IBS to boost productivity, safety and competitiveness

KUALA LUMPUR (May 11): The Malaysian Investment Development Authority (MIDA) and the Construction Industry Development Board (CIDB) believed productivity, safety and competitiveness among industry players will be enhanced with the greater adoption of Industrialised Building Systems (IBS).

“The industry’s dependency on foreign workers could be further reduced with the adoption of technology such as IBS... At the same time, IBS will contribute towards improving productivity, safety, and competitiveness of the industry players, which in turn translates into economic gains and growth,” said MIDA deputy CEO Datuk Phang Ah Tong (pictured) at the “Dialogue on Enhancing the Implementation of Industrialised Building Systems (IBS) in Malaysia” event held at MIDA’s headquarters in KL Sentral today

The half-day event focused on nurturing the local construction players towards global competitiveness through the adoption of new and relevant technology such as IBS. Some 150 delegates related to the construction industry attended the event.

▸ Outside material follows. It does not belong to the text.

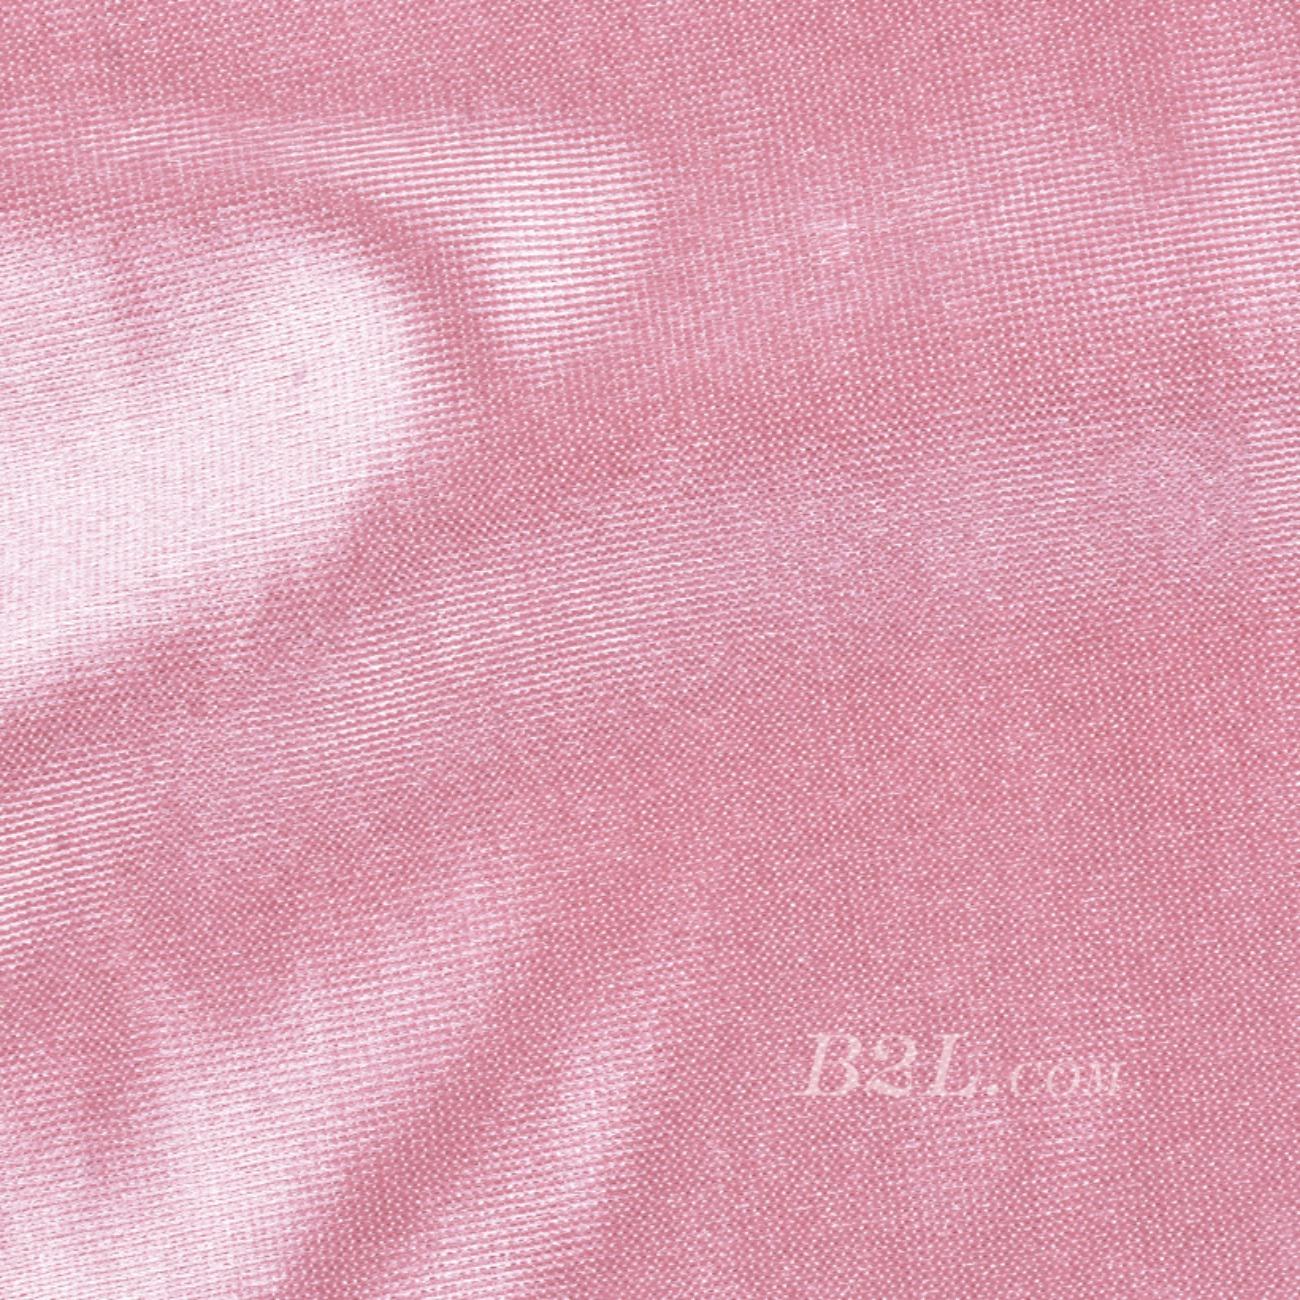 素色 针织 染色 色织 薄 细腻 光滑 四面弹 春夏 休闲裤 女装 连衣裙 休闲裤 睡衣 90704-1
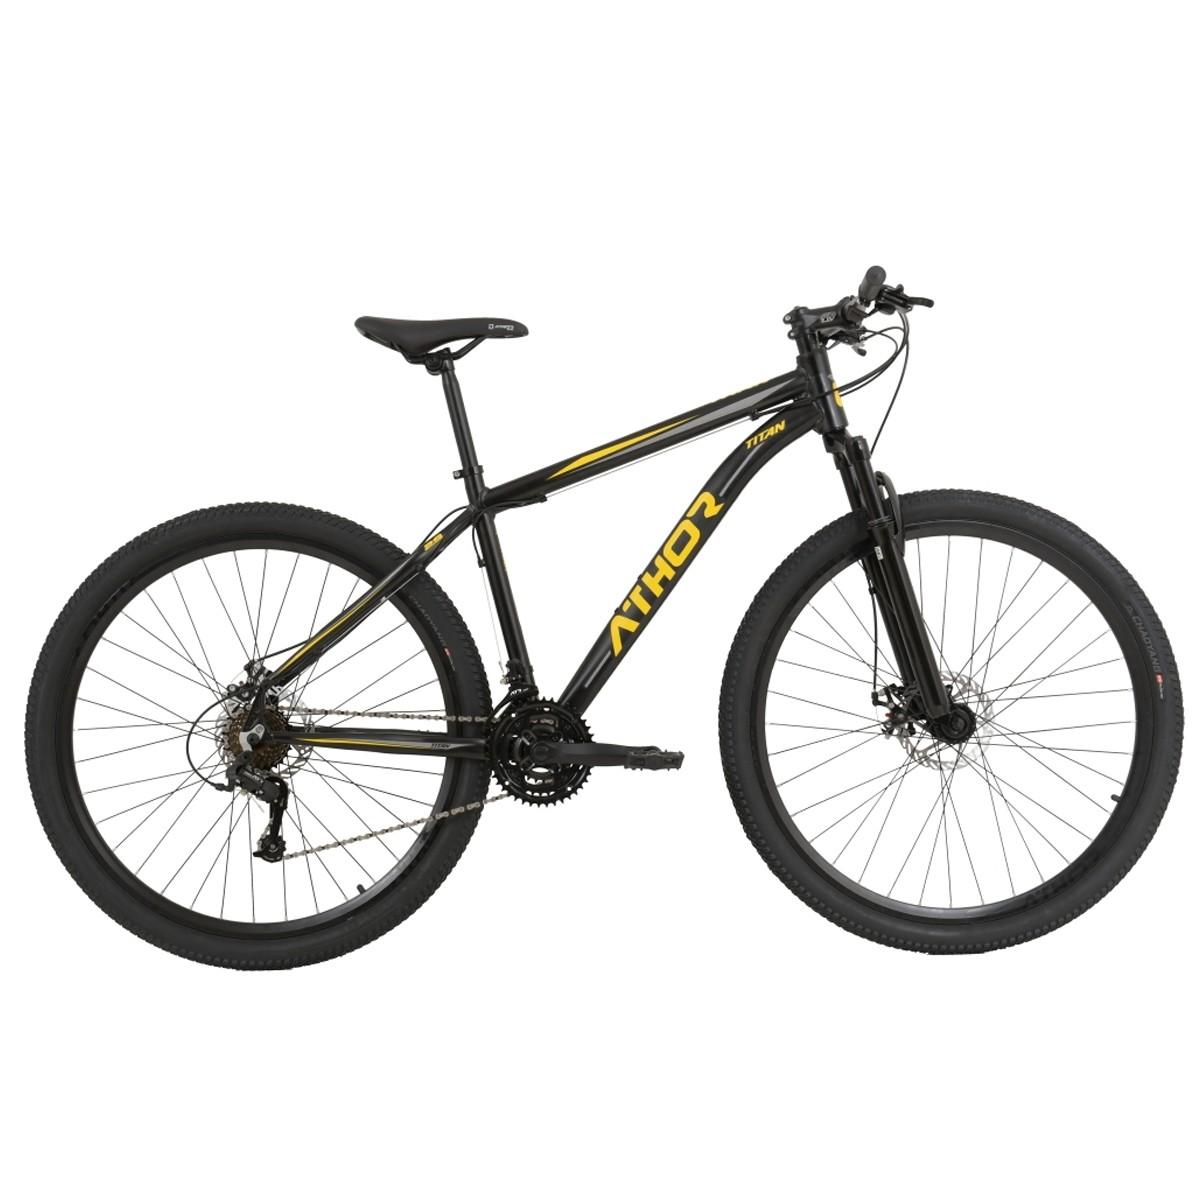 Bicicleta Athor Titan Mtb Aro 29 Atr 21v Preto Amarelo

MIDA provides both fiscal and non-fiscal support to encourage companies to embrace innovation and technology such as IBS. Companies that manufacture IBS components are eligible to apply for tax incentives from MIDA in the form of either pioneer status or investment tax allowance.

“The main incentives under the Promotion of Investment Act (PIA) 1986 are pioneer status for income tax exemption of 70% of statutory income for five years or investment tax allowance of 60% of qualifying capital expenditure incurred within a period of five years,” said Phang.

Phang added that the government has promoted IBS since 1999, but the implementation levels remained low compared with some countries such as Germany, the UK, the US and Australia.

“It has been pointed out that [the] fragmented and disconnected construction supply chain is the leading cause of [a] limited uptake to IBS… This problem calls for an improvement in communication and integration among the relevant IBS players such as designer, contractors and manufacturers, more so at the design stage,” he said. “The outlook for IBS implementation in Malaysia is bright but much work is still needed from the government to convince the contractors, manufacturers and suppliers to adopt IBS construction.”

IBS represents the adoption of construction industrialisation and the use of prefabricated components in building construction.